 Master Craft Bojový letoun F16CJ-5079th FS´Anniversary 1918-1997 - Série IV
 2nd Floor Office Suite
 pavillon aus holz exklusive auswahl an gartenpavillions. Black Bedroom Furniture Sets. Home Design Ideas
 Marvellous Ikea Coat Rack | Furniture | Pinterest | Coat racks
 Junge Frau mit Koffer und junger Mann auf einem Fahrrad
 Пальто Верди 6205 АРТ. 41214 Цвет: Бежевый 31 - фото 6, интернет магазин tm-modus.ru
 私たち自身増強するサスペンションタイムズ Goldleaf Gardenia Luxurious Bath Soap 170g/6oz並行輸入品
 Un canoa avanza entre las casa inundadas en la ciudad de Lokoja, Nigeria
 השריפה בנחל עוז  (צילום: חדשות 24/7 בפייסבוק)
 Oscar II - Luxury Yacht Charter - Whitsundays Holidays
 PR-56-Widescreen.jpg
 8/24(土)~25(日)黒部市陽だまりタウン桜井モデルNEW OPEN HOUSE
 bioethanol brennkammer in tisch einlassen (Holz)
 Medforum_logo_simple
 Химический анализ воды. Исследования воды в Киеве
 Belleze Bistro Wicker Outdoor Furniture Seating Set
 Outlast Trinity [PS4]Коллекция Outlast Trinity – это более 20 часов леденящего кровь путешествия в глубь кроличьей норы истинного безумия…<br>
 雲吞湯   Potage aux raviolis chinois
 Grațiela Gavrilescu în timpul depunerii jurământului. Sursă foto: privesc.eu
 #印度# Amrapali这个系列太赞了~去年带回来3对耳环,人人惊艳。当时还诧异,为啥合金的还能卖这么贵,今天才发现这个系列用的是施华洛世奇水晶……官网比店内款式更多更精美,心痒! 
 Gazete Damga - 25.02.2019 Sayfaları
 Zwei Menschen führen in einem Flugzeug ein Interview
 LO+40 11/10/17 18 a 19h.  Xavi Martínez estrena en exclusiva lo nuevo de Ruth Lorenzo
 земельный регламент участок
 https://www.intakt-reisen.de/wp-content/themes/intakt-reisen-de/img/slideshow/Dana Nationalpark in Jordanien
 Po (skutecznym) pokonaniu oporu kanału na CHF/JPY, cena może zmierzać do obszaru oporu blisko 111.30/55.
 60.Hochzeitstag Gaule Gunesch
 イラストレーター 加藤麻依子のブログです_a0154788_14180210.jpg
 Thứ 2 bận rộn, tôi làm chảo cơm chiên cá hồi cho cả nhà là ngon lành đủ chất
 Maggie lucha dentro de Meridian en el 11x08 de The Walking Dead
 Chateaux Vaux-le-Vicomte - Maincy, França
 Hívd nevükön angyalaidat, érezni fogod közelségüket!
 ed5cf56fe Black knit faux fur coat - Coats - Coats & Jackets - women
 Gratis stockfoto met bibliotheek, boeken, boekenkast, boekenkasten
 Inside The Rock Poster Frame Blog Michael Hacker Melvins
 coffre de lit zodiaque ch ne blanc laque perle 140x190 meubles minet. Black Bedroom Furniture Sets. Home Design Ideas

• [ABOUT THIS TASK]:
From the listing above, repeat exactly the lines starting at the line that includes "Marvellous Ikea Coat" and ending at the line that includes "8/24(土)~25(日)黒部市陽だまりタウン桜井モデルNEW OPEN HOUSE", with nothing outside that span.

• [SOLUTION BELOW]:
 Marvellous Ikea Coat Rack | Furniture | Pinterest | Coat racks
 Junge Frau mit Koffer und junger Mann auf einem Fahrrad
 Пальто Верди 6205 АРТ. 41214 Цвет: Бежевый 31 - фото 6, интернет магазин tm-modus.ru
 私たち自身増強するサスペンションタイムズ Goldleaf Gardenia Luxurious Bath Soap 170g/6oz並行輸入品
 Un canoa avanza entre las casa inundadas en la ciudad de Lokoja, Nigeria
 השריפה בנחל עוז  (צילום: חדשות 24/7 בפייסבוק)
 Oscar II - Luxury Yacht Charter - Whitsundays Holidays
 PR-56-Widescreen.jpg
 8/24(土)~25(日)黒部市陽だまりタウン桜井モデルNEW OPEN HOUSE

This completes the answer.